Aber sie wollen kein Risiko eingehen. Wenn auf der Polarstern jemand ernsthaft krank wird, dann muss das ganze Schiff umkehren und die Reise unterbrechen. Mit 40 Mann Besatzung und 55 Wissenschaftlern an Bord. Denn Häfen, Krankenhäuser, Infrastruktur gibt es auf dieser Reise nicht. Nur Eis. Und Felsen. Die Hubschrauber an Bord haben eine Reichweite von zwei-, höchstens dreihundert Kilometern. Das reicht nicht, um jemanden nach Feuerland auszufliegen – oder gar nach Neuseeland.

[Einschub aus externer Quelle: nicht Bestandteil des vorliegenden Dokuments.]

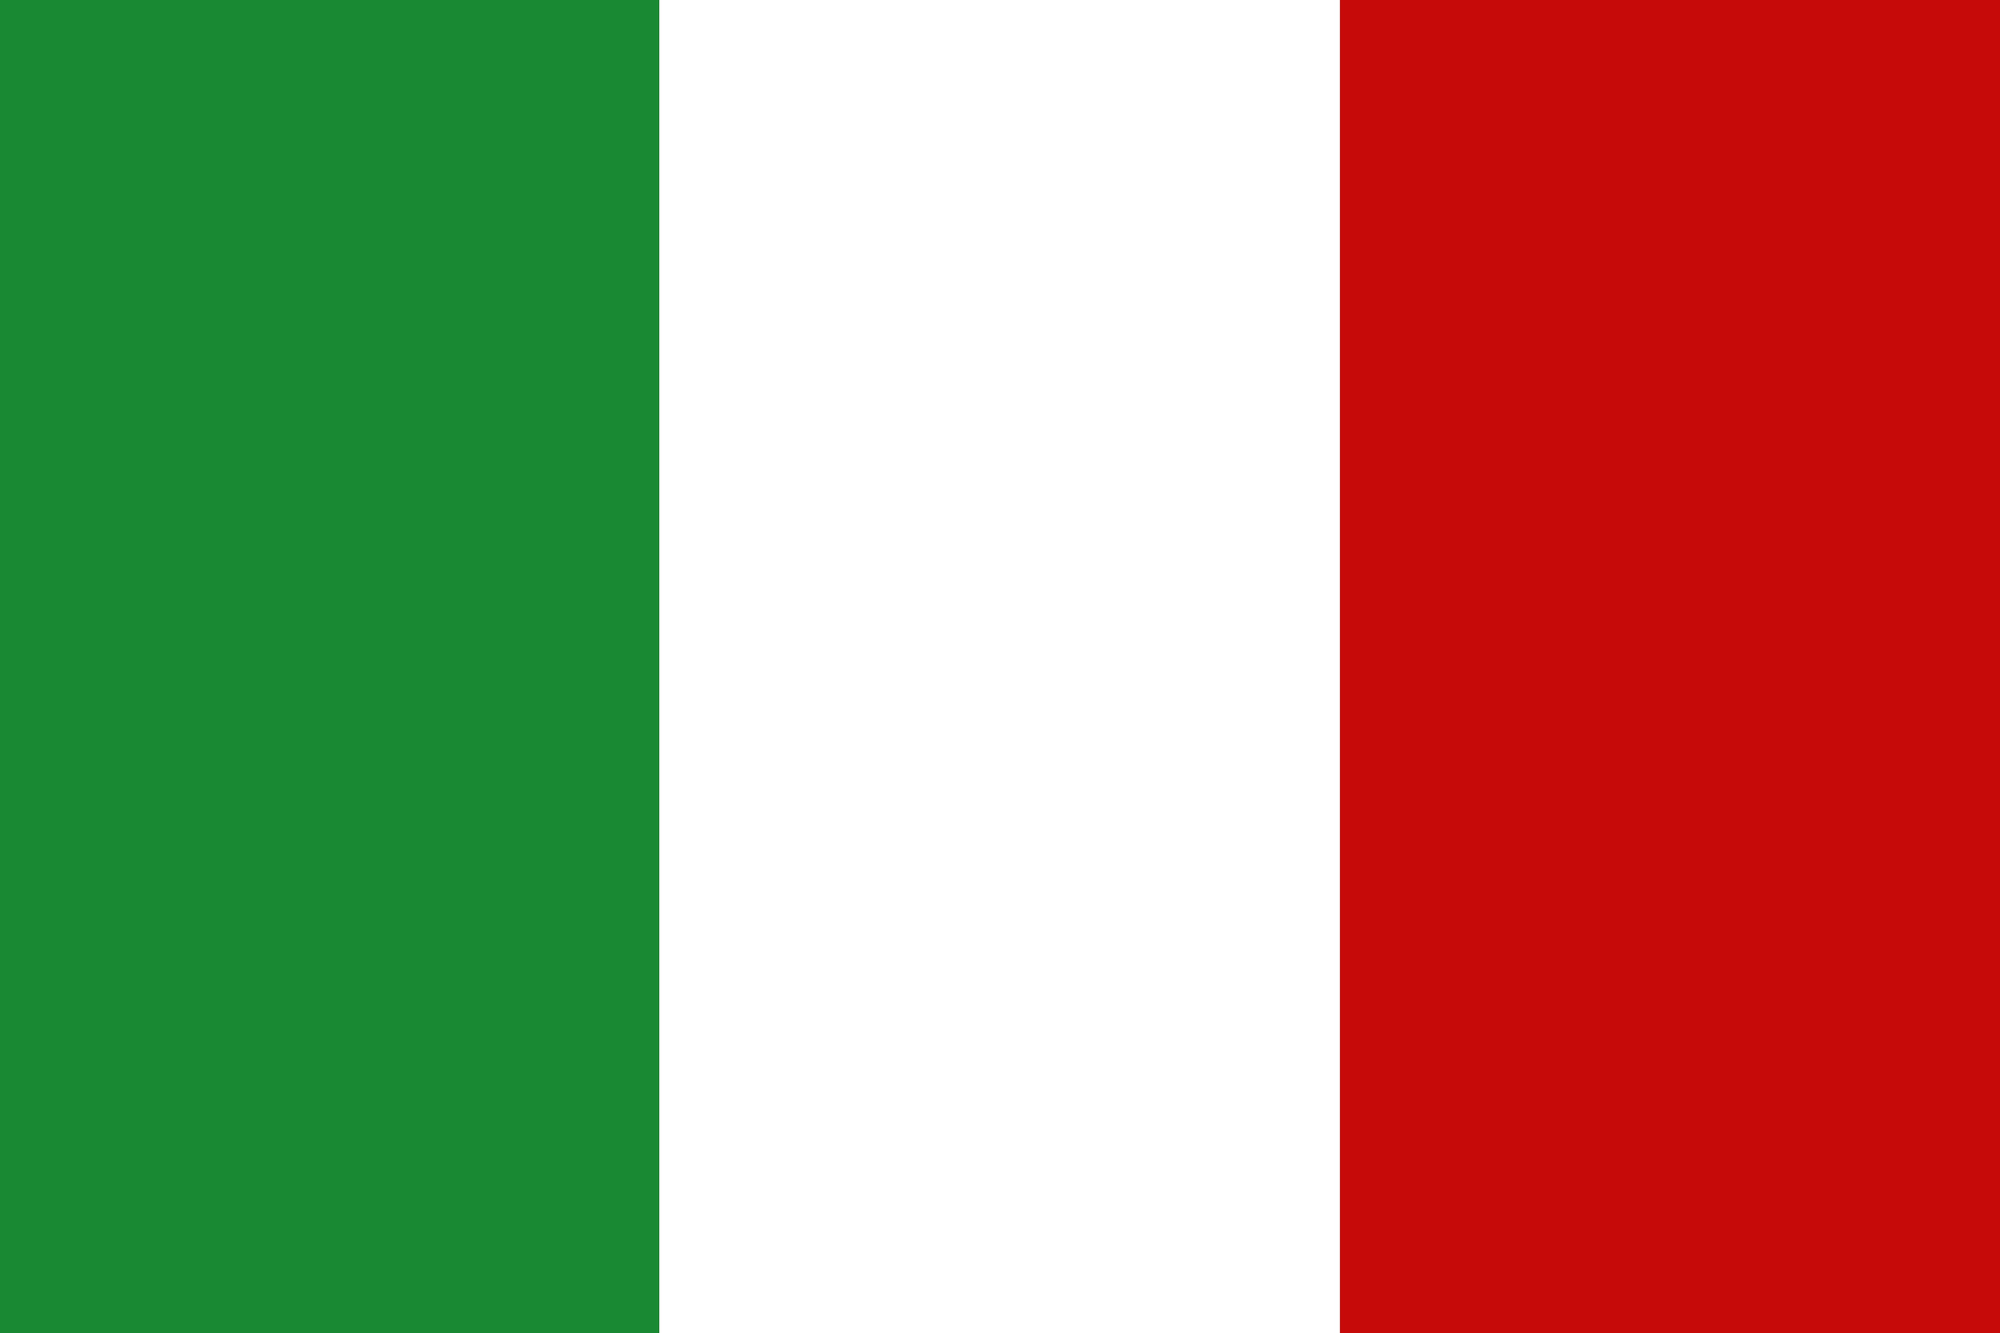 flagge italien

Langes Gespräch über Ernährungsgewohnheiten und die Angst vor der Seekrankheit. „Nehmen Sie Ingwerpulver mit, am besten aus dem Bioladen“, ist sein Tipp, „ein Teelöffel unter die Zunge, das hilft. Sanfter als die Pflaster, und Sie sind nicht so weggetreten.“ Naja. Ich ziehe es vor, nicht erst seekrank zu werden.
Und dann: Eine Baracke am Stadtrand, Außenstelle des AWI, Bekleidungskammer. Auf einmal haben wir die Sachen in der Hand, die uns schützen und wärmen sollen in zweieinhalb Monaten. Fellmütze. Thermohose. Kleidsames Straßenarbeiterorange. So wird man in der Gletscherspalte nicht so leicht übersehen. Ein schwarzer Troyer Größe 58, in dem ich versinke wie in einem XXXL-Eisbärenfell. Daunenweste, Arbeitshandschuhe Gummi. Arbeitshandschuhe Thermo. Guido bestellt uns noch ein drittes Paar Stiefel, mit Innenschuh und Thermosohle. Eine Wollmütze, eine dunkle Sonnenbrille. Spezielle Gesichtscreme.
Die Jungs von der Kleiderkammer arbeiten ihre Ausrüstungsliste ab, Punkt für Punkt, und freuen sich an unserer Begeisterung. Viele Sachen haben Gebrauchsspuren – wo die wohl schon waren, wer damit wohl schon am Nordpol unterwegs war? Auf einmal sind wir Shackleton und Scott und Amundsen und all die anderen Abenteuergestalten aus den Kinderbücher, und es wird fassbar: es gibt diese Reise wirklich. Es wird wirklich kalt. Und „Guido Kilbert“ und „Kai Voigtländer“ steht wirklich auf den vier olivgrünen Seesäcken.
Letzter Akt: Mit der Plombierzange versiegeln sie die Säcke. Die sehen wir erst in Wellington wieder, an Bord der Polarstern. In zweieinhalb Monaten. Übermorgen.